The Year of the Flood retells the story of Atwood’s novel Oryx and Crake (2003) from different perspectives. The earlier novel focused on Glenn and Jimmy and on Glenn’s creation of a new, ideal human species and his bioengineering of the plague that wipes out most people on the planet. The main characters in The Year of the Flood are bystanders reacting to events and situations as they occur.
Before the pandemic, the characters live in a society in which wealthy people live in gated corporate compounds and others live in the “pleeblands,” where laws are no longer enforced and CorpSeCorps, a police force paid for by the corporations, acts in its own interests. Corporate greed runs rampant. CorpSeCorps targets are likely to be ground up to provide meat for the Secret Burger fast food chain. The HelthWyzer corporation tries experimental drugs on unsuspecting consumers or intentionally spreads illnesses so that consumers will purchase HelthWyzer’s drugs to cure those illnesses.

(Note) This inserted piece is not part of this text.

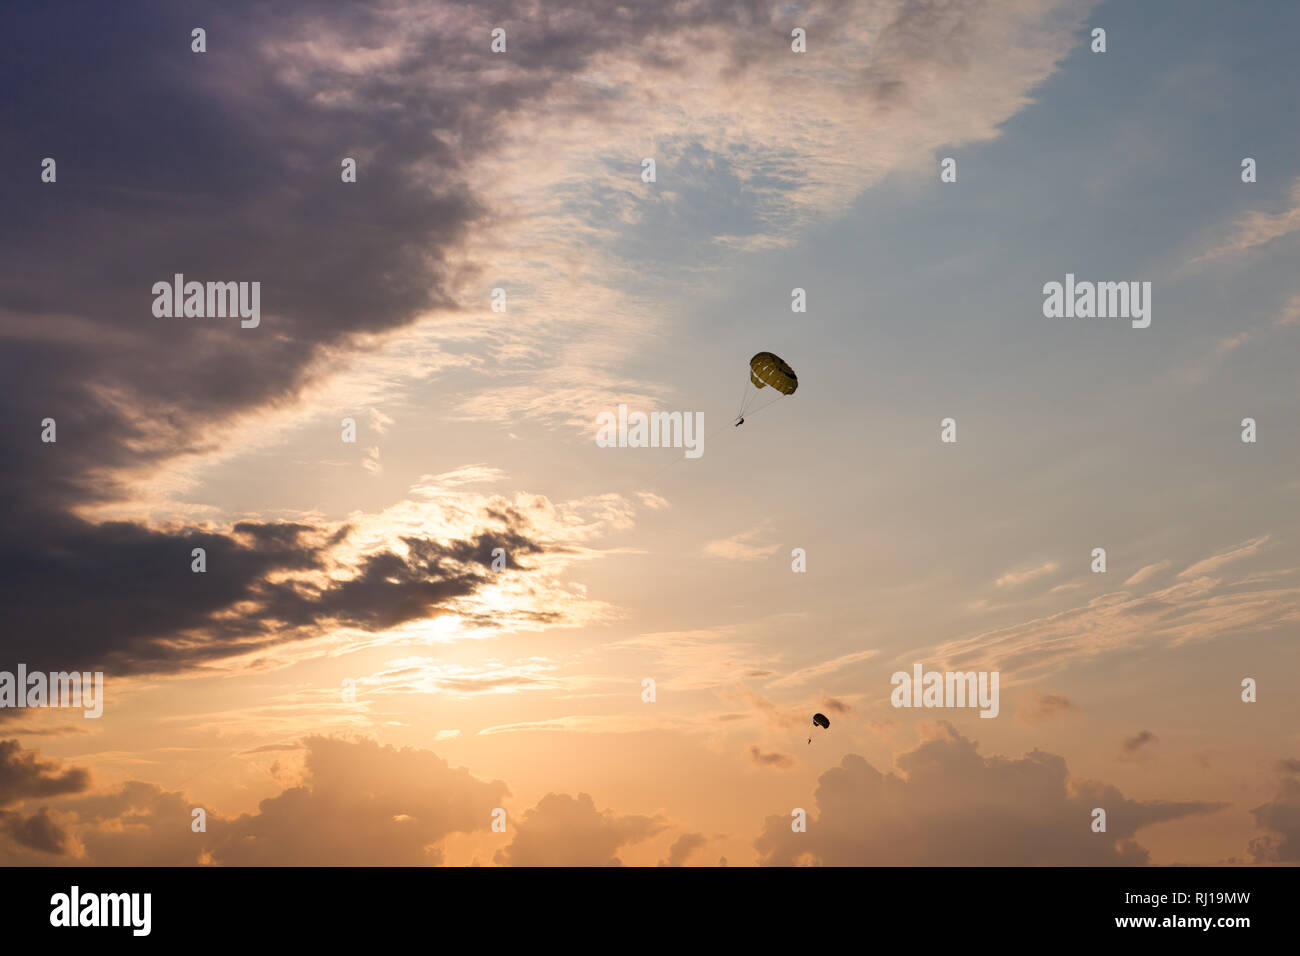 Dark silhouettes of flying parachutes on the sunset cloudy night sky Stock Photo

Many species in Atwood’s world have become extinct because the environment has eroded. In their place, the corporations have bioengineered new species. These include the rakunk, a cross between a raccoon and a skunk; the mo’hair, a sheep with human hair in colors such as silver, blue, and purple; and the pigoon, a pig with human brain tissue. The most alarming animal, the liobam, was created by a religious extremist group: A cross between a lion and a lamb, the gentle-looking but deadly animal was designed to show that, not only can the lion lie down with the lamb, but the two species can also coexist in the same body. These satirical embodiments of corporate greed and religious extremism provide opportunities for humor. For example, the bioengineered sheep are useful for hair replacements, which look great so long as the wearer does not mind smelling like mutton when it rains.
Overall, tampering with nature is presented as a bad idea. One of the germs developed to create a need for medicines gets out of hand and kills almost everyone on the planet. In fact, all uses of science and technology turn out either to be ill-intended or to have bad effects.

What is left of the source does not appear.